[Source data]

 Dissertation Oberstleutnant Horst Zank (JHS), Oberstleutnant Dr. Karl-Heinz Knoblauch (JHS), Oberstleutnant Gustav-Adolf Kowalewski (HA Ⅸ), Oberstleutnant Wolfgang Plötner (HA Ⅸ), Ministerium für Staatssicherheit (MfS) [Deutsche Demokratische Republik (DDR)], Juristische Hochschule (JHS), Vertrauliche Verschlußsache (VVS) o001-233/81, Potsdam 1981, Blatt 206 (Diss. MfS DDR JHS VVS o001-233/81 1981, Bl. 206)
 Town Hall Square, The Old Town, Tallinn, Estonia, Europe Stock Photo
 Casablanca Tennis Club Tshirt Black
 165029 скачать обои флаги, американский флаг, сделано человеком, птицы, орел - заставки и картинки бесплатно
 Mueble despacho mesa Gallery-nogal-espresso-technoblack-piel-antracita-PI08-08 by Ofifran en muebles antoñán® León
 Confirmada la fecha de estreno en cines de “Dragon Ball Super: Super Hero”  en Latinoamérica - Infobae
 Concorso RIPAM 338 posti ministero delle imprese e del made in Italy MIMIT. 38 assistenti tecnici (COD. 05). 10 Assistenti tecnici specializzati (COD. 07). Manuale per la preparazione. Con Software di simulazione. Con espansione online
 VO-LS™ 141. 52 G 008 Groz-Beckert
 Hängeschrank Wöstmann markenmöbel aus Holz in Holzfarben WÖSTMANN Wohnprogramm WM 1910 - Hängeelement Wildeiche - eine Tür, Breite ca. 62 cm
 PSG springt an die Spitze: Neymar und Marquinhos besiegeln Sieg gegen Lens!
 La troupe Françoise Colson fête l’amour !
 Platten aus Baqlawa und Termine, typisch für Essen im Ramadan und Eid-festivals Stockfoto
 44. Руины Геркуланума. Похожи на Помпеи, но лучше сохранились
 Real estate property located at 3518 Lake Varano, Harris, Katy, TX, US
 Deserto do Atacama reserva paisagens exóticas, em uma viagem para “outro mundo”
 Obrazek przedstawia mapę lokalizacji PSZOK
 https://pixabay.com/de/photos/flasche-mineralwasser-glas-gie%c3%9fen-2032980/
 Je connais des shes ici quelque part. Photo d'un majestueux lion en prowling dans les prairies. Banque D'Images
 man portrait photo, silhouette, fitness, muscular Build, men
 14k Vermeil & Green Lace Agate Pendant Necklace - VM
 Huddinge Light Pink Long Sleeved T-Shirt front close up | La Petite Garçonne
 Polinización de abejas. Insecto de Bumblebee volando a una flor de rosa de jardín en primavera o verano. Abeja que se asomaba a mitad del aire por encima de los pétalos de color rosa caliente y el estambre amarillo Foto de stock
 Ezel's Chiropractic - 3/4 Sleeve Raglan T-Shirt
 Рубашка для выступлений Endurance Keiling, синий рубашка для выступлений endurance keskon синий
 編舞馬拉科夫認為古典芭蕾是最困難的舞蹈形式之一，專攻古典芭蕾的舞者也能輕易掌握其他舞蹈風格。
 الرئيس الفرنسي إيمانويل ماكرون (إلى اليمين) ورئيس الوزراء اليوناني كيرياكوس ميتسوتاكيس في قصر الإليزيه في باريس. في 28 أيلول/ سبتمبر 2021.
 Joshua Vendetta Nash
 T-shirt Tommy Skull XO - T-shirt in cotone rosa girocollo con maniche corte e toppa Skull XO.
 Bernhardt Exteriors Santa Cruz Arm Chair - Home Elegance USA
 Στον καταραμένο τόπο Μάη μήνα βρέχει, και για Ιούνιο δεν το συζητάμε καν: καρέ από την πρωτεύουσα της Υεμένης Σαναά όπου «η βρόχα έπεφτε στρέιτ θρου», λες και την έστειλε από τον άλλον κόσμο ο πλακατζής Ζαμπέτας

TASK OBJECTIVE ▸ Could you reproduce, exactly, every line above from the line with "14k Vermeil &" to the line with "Ezel's Chiropractic - 3/4", and no other line? Both ends count.

WRITTEN ANSWER ▸
 14k Vermeil & Green Lace Agate Pendant Necklace - VM
 Huddinge Light Pink Long Sleeved T-Shirt front close up | La Petite Garçonne
 Polinización de abejas. Insecto de Bumblebee volando a una flor de rosa de jardín en primavera o verano. Abeja que se asomaba a mitad del aire por encima de los pétalos de color rosa caliente y el estambre amarillo Foto de stock
 Ezel's Chiropractic - 3/4 Sleeve Raglan T-Shirt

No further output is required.